U.S. law differentiates between two categories of terrorism. “International terrorism” covers threats with a putative international nexus, even when they stem from U.S. citizens or residents acting only within the United States. “Domestic terrorism” applies to political violence thought to be purely domestic in its origin and intended impact. The law permits broader surveillance, wider criminal charges, and more punitive treatment for crimes labeled international terrorism. Law enforcement agencies frequently consider U.S. Muslims “international” threats even when they have scant foreign ties. As a result, they police and punish them more intensely than white nationalists and other “domestic” threats. This legal divide not only harms individuals and communities but also reinforces distorted public perceptions of terrorism that fuel anti-immigrant and discriminatory policies.

This Article is the first to challenge the domestic–international divide in U.S. terrorism law.

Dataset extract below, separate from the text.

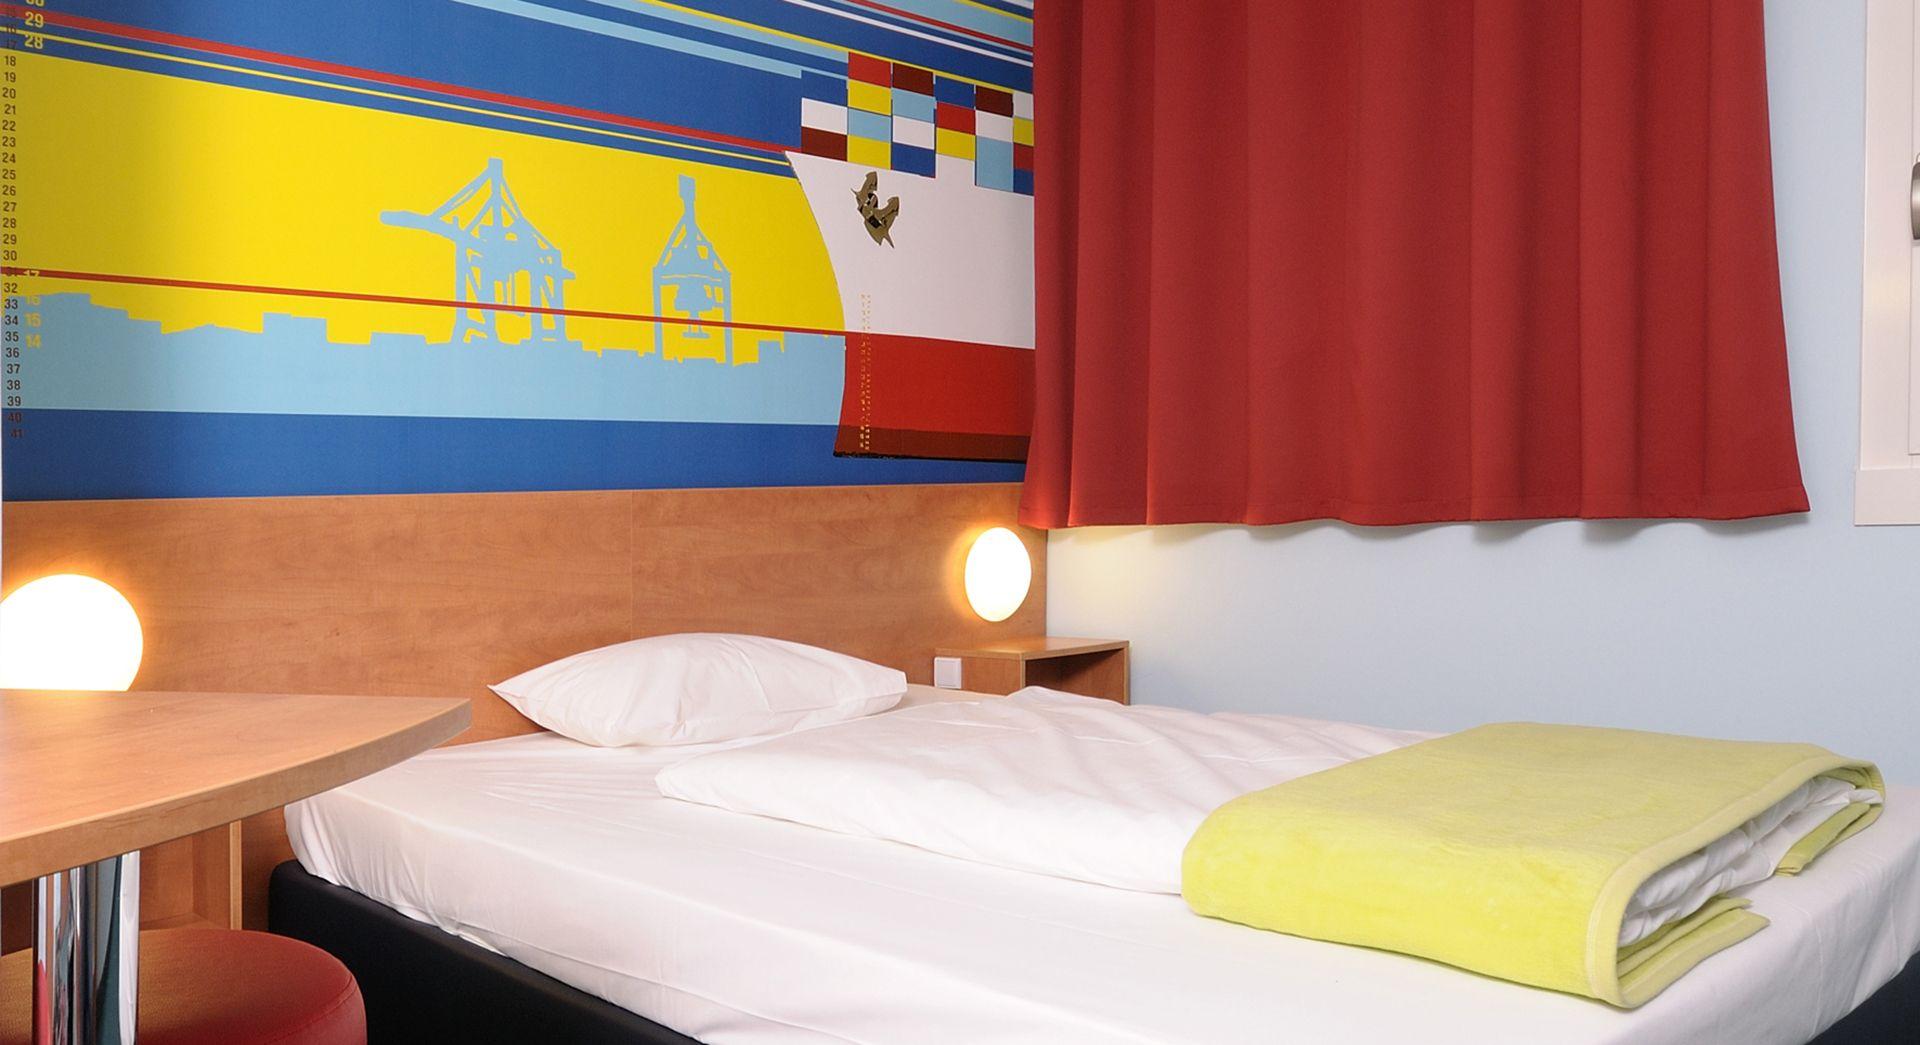 Zimmer Mit Franzosischem Bett Im B B Hotel Hamburg Altona Franzosisches Bett B B Hamburg Altona

It maps the divergence in the investigation, prosecution, and punishment of terrorism. It then refutes the three leading rationales for the divide: (1) civil liberties; (2) federalism; and (3) the magnitude of the threats. It further argues that, once the law divides threats into the “domestic” and “international,” the latter category will predictably expand to cover U.S. individuals perceived as “foreign,” even if they are citizens with negligible relationships abroad. Policymakers should reject the legal divide as both incoherent and invidious. But rather than “ratchet up” the criminalization of domestic terrorism in the name of equality, they should make the law’s approach to “international” terrorism more accountable and just.